Thanks for dropping in! Please feel welcome to share details and clear up any misconceptions. I hope you'll find a receptive audience.
Regarding the GPU, can you at least tell us:
- Will it be multi-core or just a proof-of-concept single-core design?
- Will it feature SIMD? How wide?
- What about SMT?
- VLIW?
- Will it have a classical cache hierarchy or just directly-addressed local memory?
- What about external memory? Will there be any? What type? Are you designing the memory controller or licensing it?
- Will it have a display controller? If so, what standards will it support? Again, license or build?
- Same questions for PCIe.
- What sort of special-function hardware will it have?
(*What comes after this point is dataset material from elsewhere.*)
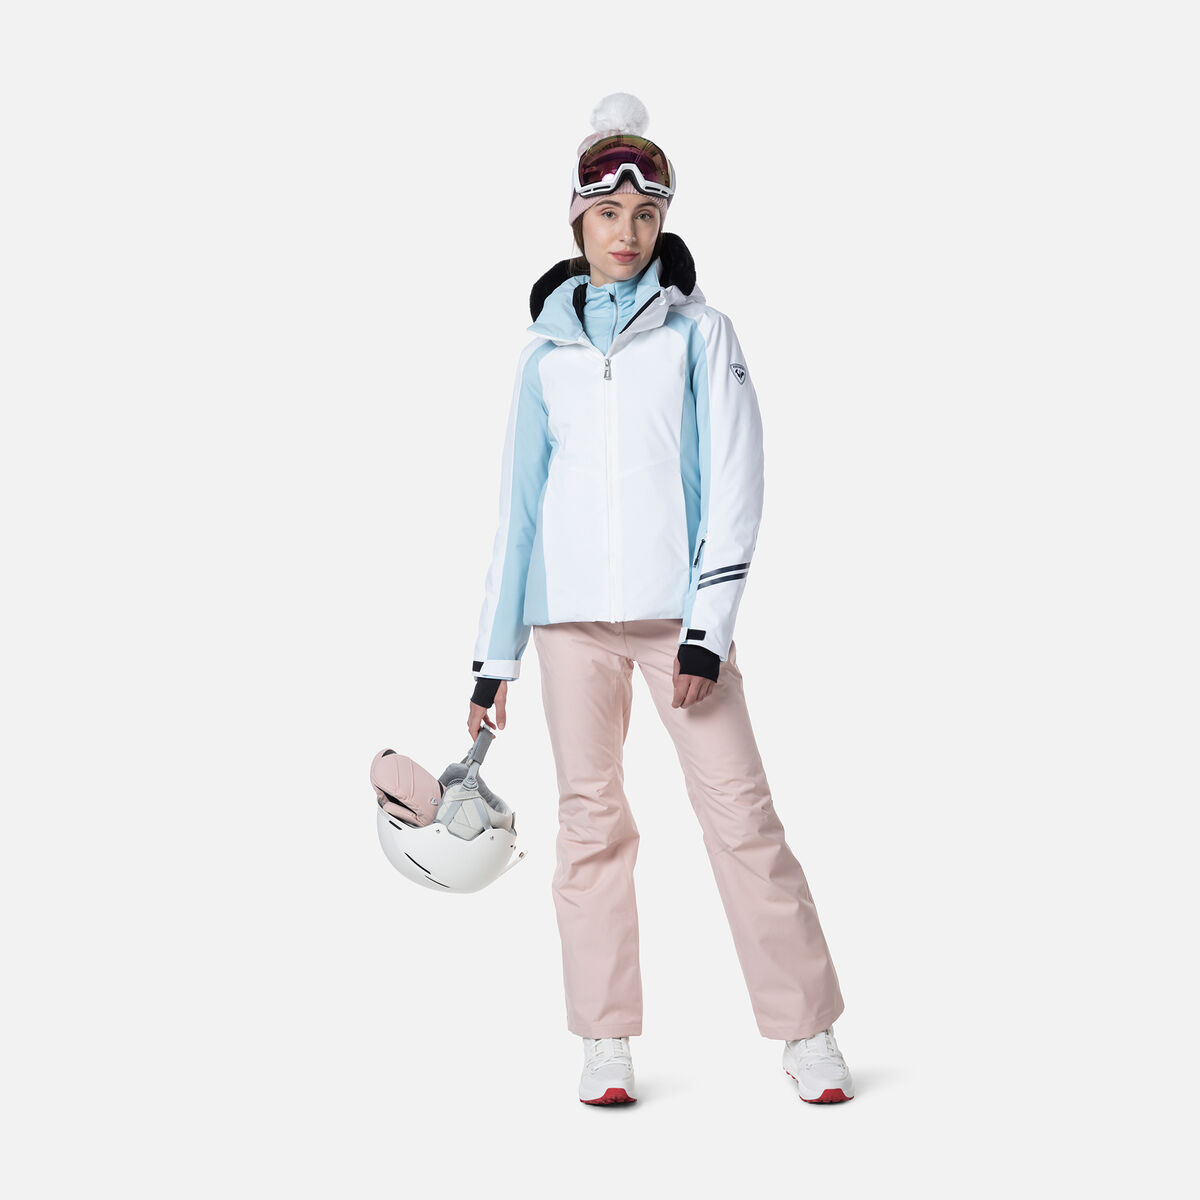 Russian Winter Ski Suit For Men Women Black White Warm Suit Outdoor Ski  Clothing Snowboarding Sets

ROPs? Texture engines?
- Will this be targeted at deploying on a FPGA or something designed for fabrication as an ASIC?
That's all I've got, right now. Feel free to answer as many or as few as you're comfortable speaking about.
: )
Thanks for the questions, didn't expect a response so quickly!
You can follow the GPU project here, it will be open source:
https://github.com/adam-maj/tiny-gpu
So far I haven't added any of my work except for the file structure (which will likely change).
The aim of the project is to make a very simple readable GPU with 0 depth file structure + <10-20 files so it's very straightforward to understand, and then to use it in a blog post I'll be making to help people understand the core concepts of GPUs without all the complexity of a full implementation.
Given that, my current design has:
- 12 instruction ISA
- Multi-core (I think that's kinda critical)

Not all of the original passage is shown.